What do Ethiopia, Greece, and the Turks and Caicos have in common? Answer: they’ve all undergone our in-depth integrity assessments – unique projects that examine a country’s key actors, from the media to parliament to the judiciary, looking for the weaknesses and loopholes that allow corruption to creep in.

The idea is two-fold. First: to end corruption, you need all of a country’s key institutions working to their full potential. Whether it’s the independence of the judiciary or a lack of regulation on lobbying, problems in one sector make abuses more likely across the board. Second: effective solutions are those everyone can stand behind. When there’s not real commitment from across society, even the strongest measures can have little impact.

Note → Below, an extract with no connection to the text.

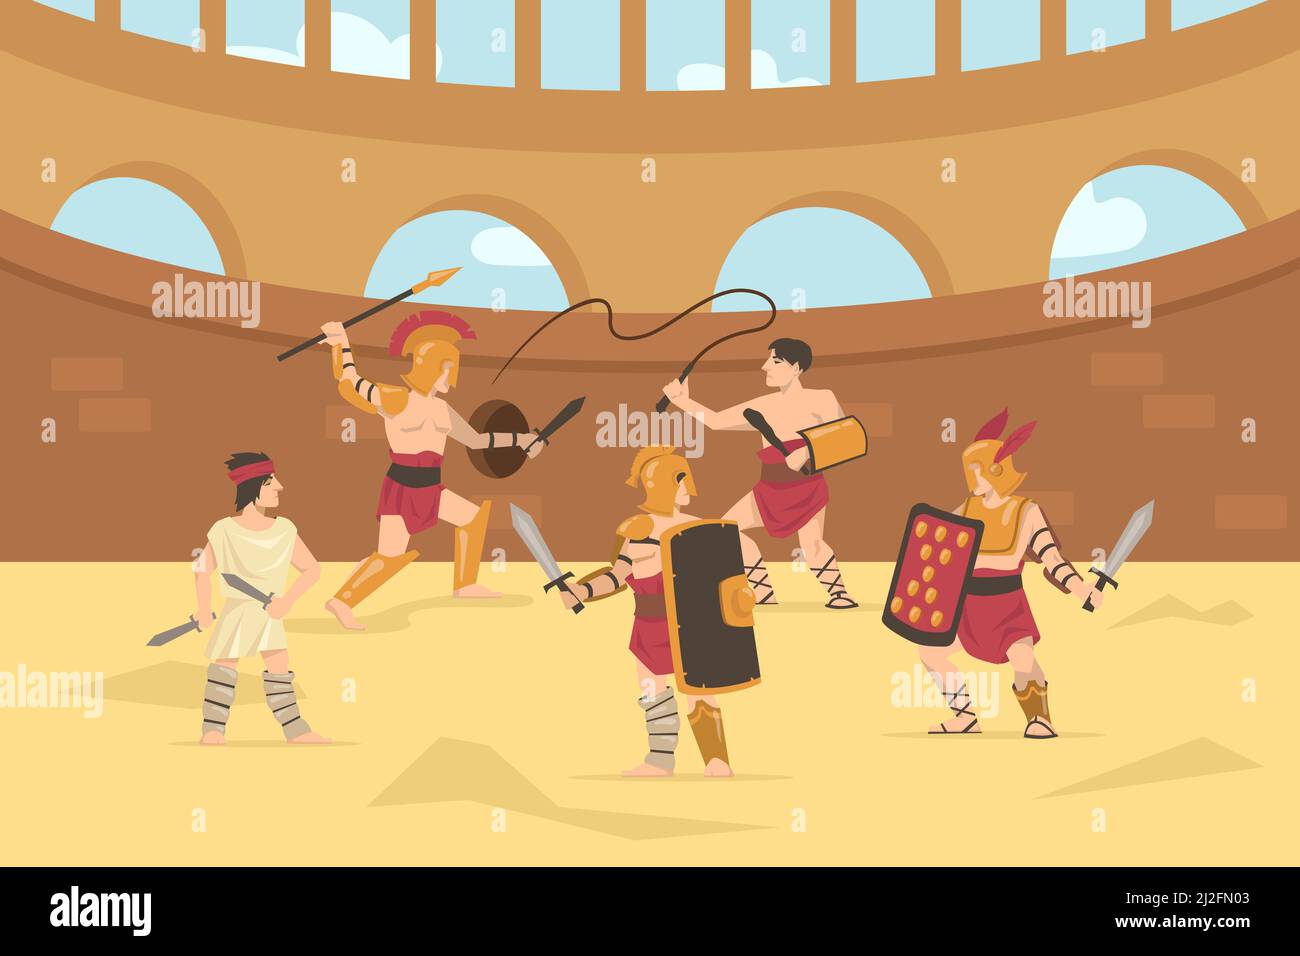 Roman armored soldiers fighting with swords, spears and whips. Cartoon vector illustration. Gladiator fight in Colosseum battlefield of ancient Rome, Stock Vector

Looking at each major institution in turn, and produced in consultation with those who work at the heart of them, our national assessments are designed to meet both needs. Creating a dialogue with those who are pivotal to driving change, the assessments not only provide a comprehensive analysis of corruption risks, they also offer credible solutions that work in practice.

In 2012, as economic crisis and political scandals dogged Europe, we examined 25 countries and 800 institutions for the largest-ever analysis of the continent’s corruption risks. Exposing worrying threats at the intersection of money and politics, we prompted governments to take action on a range of issues from organised crime to party financing.

To date, we’ve put the spotlight on more than 100 countries and territories worldwide. And there’s more coming soon. Our researchers are currently at work in Bangladesh, Cambodia, the Maldives, Nepal, New Zealand, Pakistan, Sri Lanka, Vanuatu and Vietnam – as well as countries in the Middle East, Eastern Europe, and Africa.